Die Lichter beider Maschinen durchzogen den Nachthimmel, als ob sie eine unsichtbare Verbindung hätten. Die Besatzungen ahnten nichts. In dem furchtbaren Moment, als die Tupolew und die Boeing 757 aufeinander prallten, erbebte der Himmel. Metall zersplitterte, Flammen umgaben die herabtrudelnden Flugzeughüllen, und die Nachtruhe Überlingens wurde vom Klang der zerberstenden Flugzeuge durchbrochen.

Während sich Überlingen von diesem Ereignis erholte, begann die Bundesstelle für Flugunfalluntersuchung (BFU) ihre Arbeit.
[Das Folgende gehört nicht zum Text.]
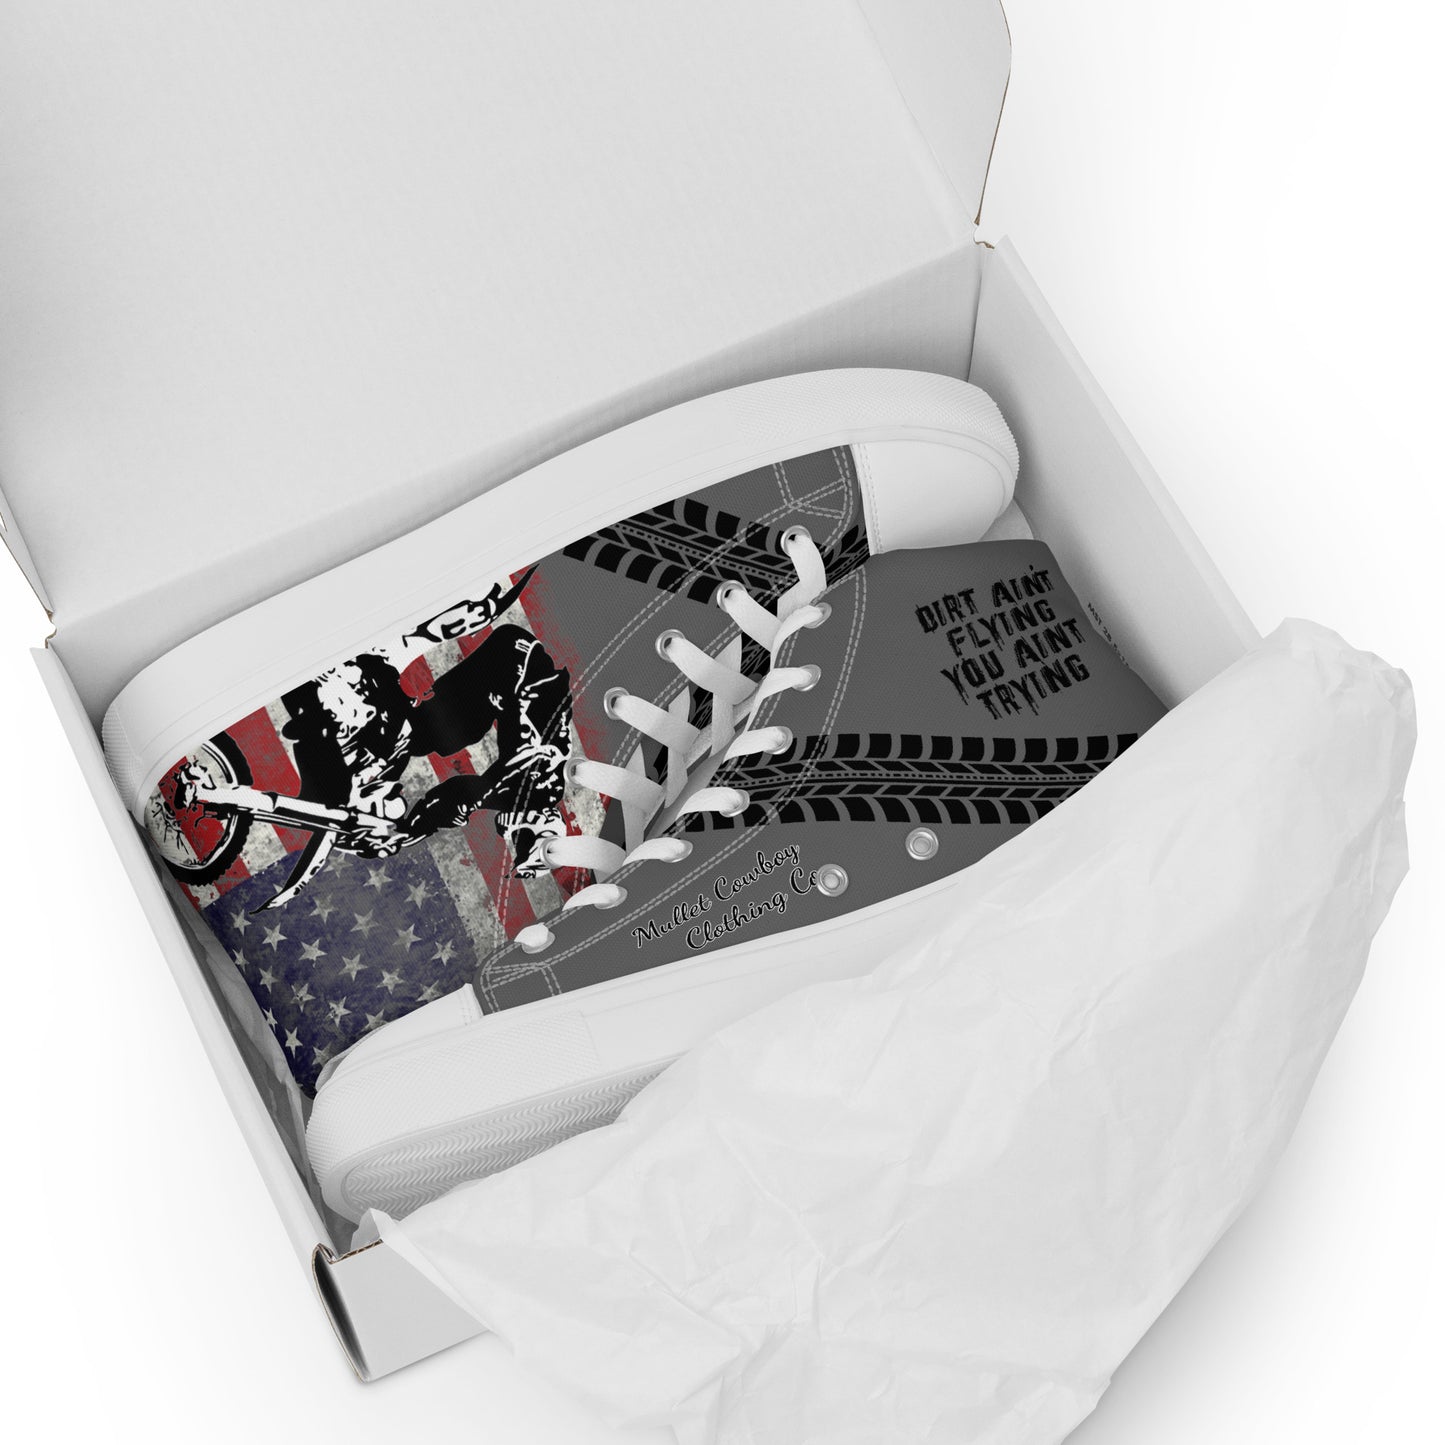 Mullet Cowboy Men’s high top canvas shoes - american, american flag, cowboy, flag, high top, hightop, moto cross, motocross, mullet, mullet cowboy, mullet cowboy clothing co, shoes -  - Baha Ranch Western Wear

Die BFU ist eine Institution mit der Aufgabe, die Ursachen von Flugunfällen aufzuklären. Bei jedem Flugzeugabsturz bemüht sich die BFU anhand von Berichten, Analysen und Befragungen die Puzzleteile von Unfällen wie diesen zusammenzusetzen. "Hierzu gilt es vor allem den Cockpit Voice Recorder (CVR) und den Flight Data Recorder (FDR) zu finden, welcher alle wichtigen Daten des Flugzeuges aufzeichnet", so Germout Freitag, der Leiter der Pressestelle der Bundesstelle für Unfalluntersuchung. Diese speichern unter anderem die Kommunikation der Piloten im Cockpit, Höhe und Geschwindigkeit der Maschine, Anzeigen im Cockpit und viele weitere Daten auf. "Das Team aus Experten und Ermittlern wird zu einem entscheidenden Faktor, um die Ursachen zu verstehen und daraus Lehren für die Zukunft zu ziehen", berichtet Freitag. Hierfür veröffentlicht die BFU ihren jährlichen Bericht sowie alle abgeschlossenen Statistiken und daraus resultierenden Sicherheitsempfehlungen.

Im Zeitraum von 2008 bis 2022 verzeichnet die BFU 64 Flugunfälle im deutschen Luftraum mit Luftfahrzeugen der gewerblichen Luftfahrt ab 5,7 Tonnen, also Fracht- und Passagiermaschinen. In den Jahren 2010 und 2013 registrierte die BFU vergleichsweise niedrige Unfallzahlen, dadurch sticht besonders 2012 mit einer erhöhten Anzahl hervor. In den drei Jahren von 2020 bis 2022 erfasste man hingegen eine insgesamt niedrigere Unfallquote. Der Durchschnitt über den gesamten Zeitraum liegt bei etwa 4,2 Unfällen pro Jahr. Diese Daten weisen auf Schwankungen hin, ohne dass ein klar erkennbarer Aufwärts- oder Abwärtstrend festgestellt werden kann.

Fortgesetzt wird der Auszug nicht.